Werfen wir einen Blick auf einige der vielen Ich-Pronomen, die japanische Sprecher im Laufe der Geschichte hatten, zusammen mit den Jahren, in denen sie Teil der Alltagssprache waren oder wurden.
1. watashi (17. Jahrhundert bis heute)
Laut Sprachwissenschaftlern ist der Aufstieg von watashi ein relativ neuer Trend. Das Wort gewann erst in der Edo-Periode an Bedeutung, die im Jahr 1603 begann. Heutzutage ist watashi in der Tat Japans vielseitigster Begriff für das eigene Ich. Obwohl es für Gespräche unter befreundeten Männern etwas spießig klingt, ist es ein Wort, das sowohl von Männern als auch von Frauen, jung und alt, häufig verwendet wird. Sein jüngster Nachfahre, atashi, ist allerdings ausschließlich für junge Frauen bestimmt.
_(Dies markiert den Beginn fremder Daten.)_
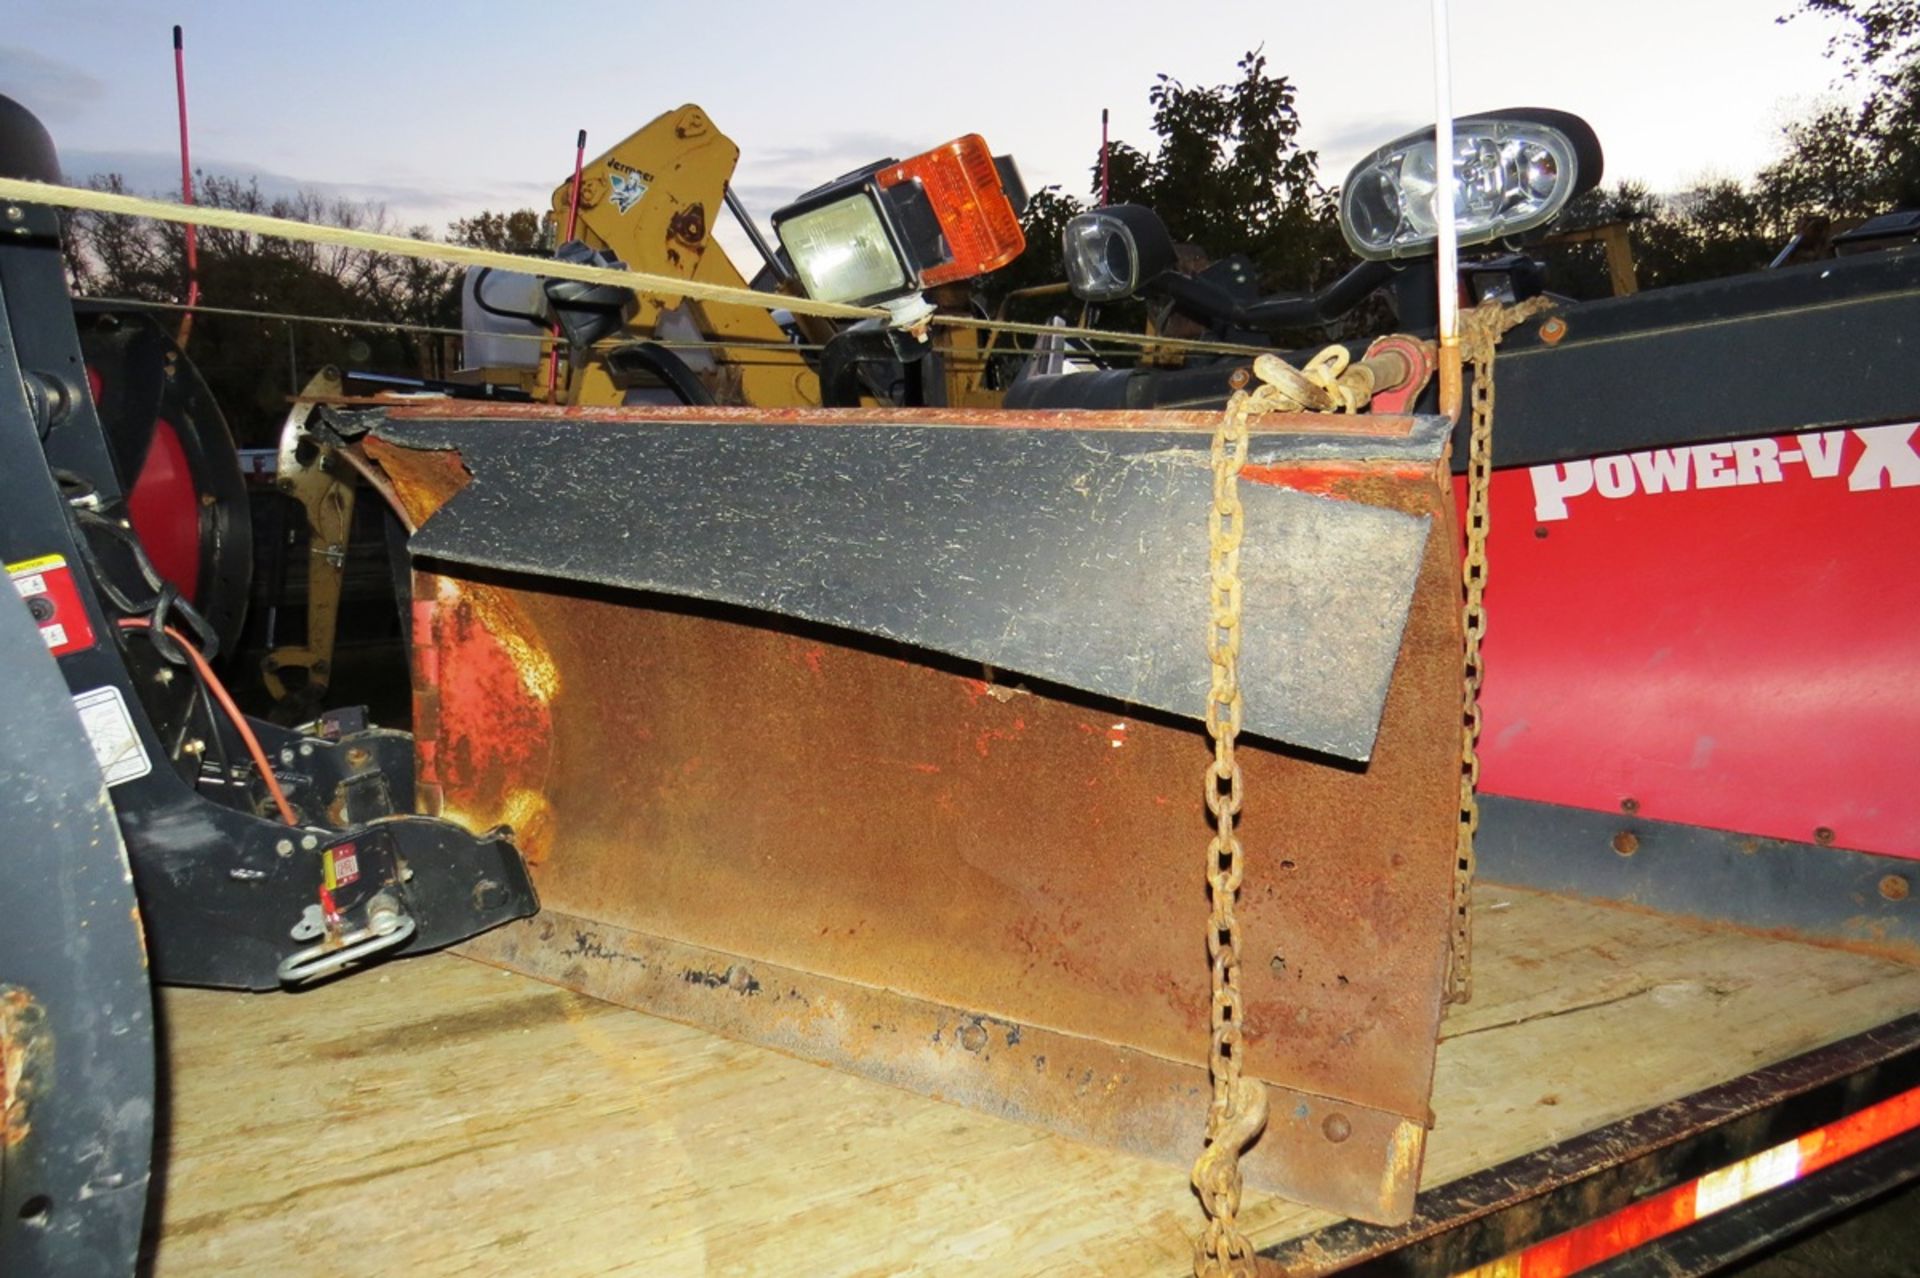 Hiniker V-Blade Attachment for Pickups, 8’6” Width, Hydraulic Lift & V-Angle, Powder Guard, Light - Image 3 of 5

2. watakushi (14. Jahrhundert bis heute)
Auch der formellere Vorgänger von watashi, watakushi, reicht nur bis in den langen Bürgerkrieg der Muromachi-Periode zurück. Trotz seiner langjährigen Verwendung hat watakushidoesnicht wirklich einen altmodischen Klang. Stattdessen wird es in sehr höflichen Gesprächen verwendet. Es wird eher von Frauen mit eleganter Erziehung verwendet, aber auch Männer sagen watakushi, wenn sie vor einer großen Gruppe förmliche Reden halten oder wenn sie mit jemandem sprechen, der auf der Karriereleiter einige Stufen über ihnen steht.
3. boku (19. Jahrhundert bis heute)
Das informelle boku ist eines der jüngsten Wörter für „ich“, das sich in der Alltagssprache durchgesetzt hat. Allerdings ist sein Verwendungsbereich etwas eingeschränkt, denn in Japans zentraler Kansai-Region wird boku seit jeher nur lauwarm verwendet.
In den letzten Jahren haben sich eine Handvoll Schauspielerinnen und Sängerinnen als boku bezeichnet, in der Regel, um ihre bodenständige oder ruppige Seite zu zeigen. Der Begriff wird jedoch hauptsächlich von Männern verwendet, insbesondere von Jungen. Denn ab einem gewissen Alter wechseln die meisten Männer zum nächsten Wort auf unserer Liste.
4. ore (12. Jahrhundert – heute)
Ore, die bisher männlichste Art, „ich“ zu sagen, hat eine überraschend lange Geschichte. Im Gegensatz zu boku ist es nur für Männer gedacht, und sein etwas rauer Ton bedeutet, dass es für informelle Situationen reserviert ist, in denen man sich mit Freunden unterhält, oder für andere soziale Situationen, in denen man nicht befürchten muss, dass sich jemand aufregt.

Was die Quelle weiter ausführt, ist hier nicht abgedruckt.